_What to do:_ Copy exactly the lines starting at the one that contains "[image] Infinix Note 2-unboxing" and running through the end of the material below. Exclude any pictures.

_Dataset extract:_
──────────────────────────────

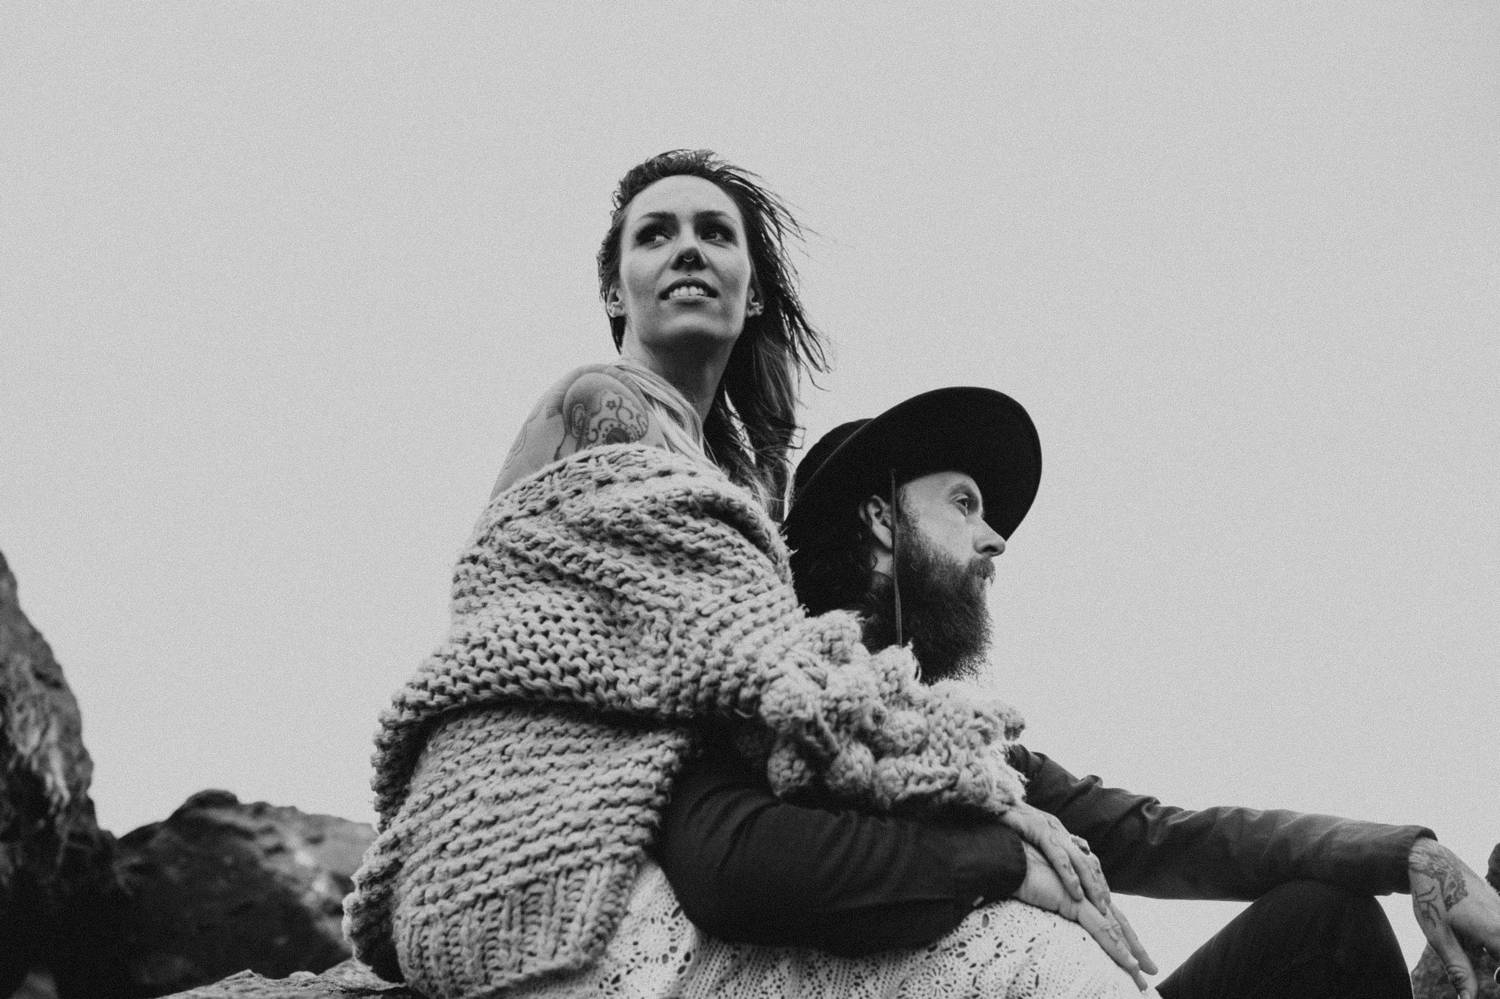 A woman in an oversized sweater sits behind a man with a beard as they sit outside against a gray sky.
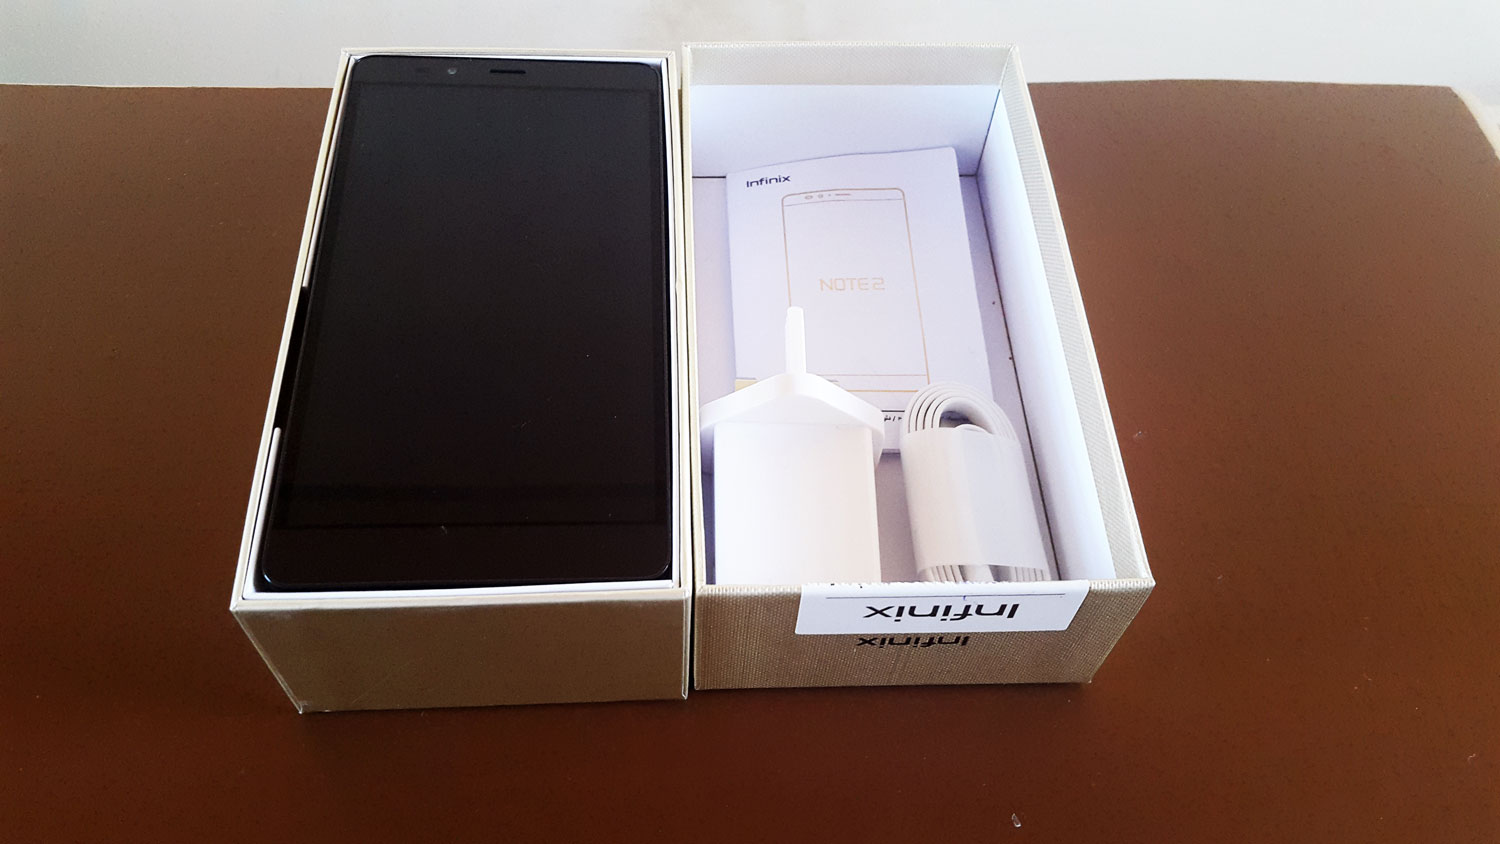 [image] Infinix Note 2-unboxing
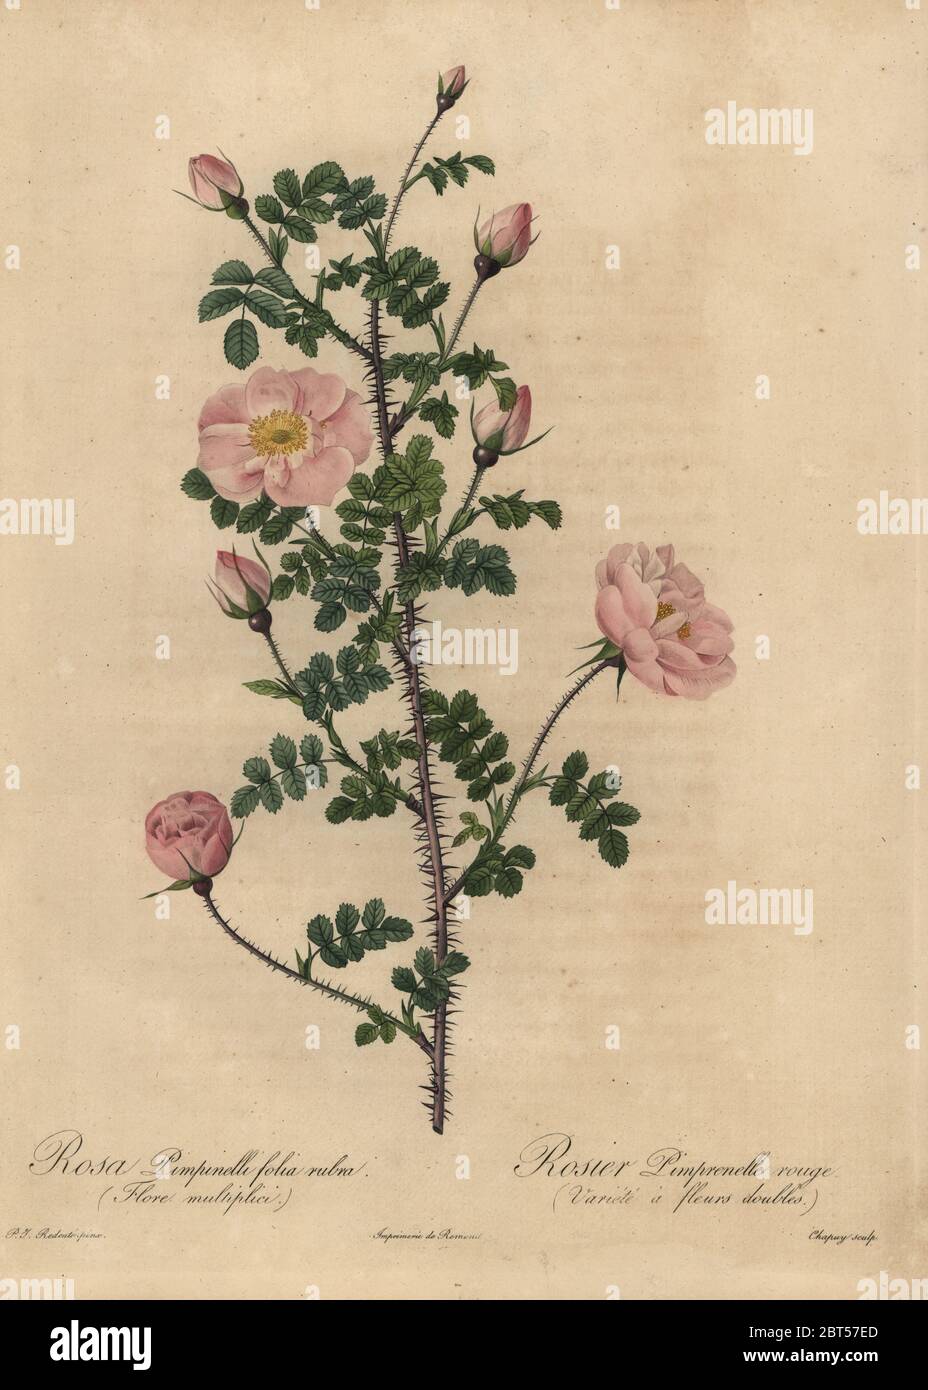 Pink Burnet rose, Rosa pimpinelli folia rubra (flore multiplici), Rosier Pimprenelle rouge variete a fleurs doubles. Stipple copperplate engraving by Jean Baptiste Chapuy handcoloured a la poupee after a botanical illustration by Pierre-Joseph Redoute from the first folio edition of Les Roses, Firmin Didot, Paris, 1817. Stock Photo

──────────────────────────────

_Answer for this exercise:_
 [image] Infinix Note 2-unboxing
 Pink Burnet rose, Rosa pimpinelli folia rubra (flore multiplici), Rosier Pimprenelle rouge variete a fleurs doubles. Stipple copperplate engraving by Jean Baptiste Chapuy handcoloured a la poupee after a botanical illustration by Pierre-Joseph Redoute from the first folio edition of Les Roses, Firmin Didot, Paris, 1817. Stock Photo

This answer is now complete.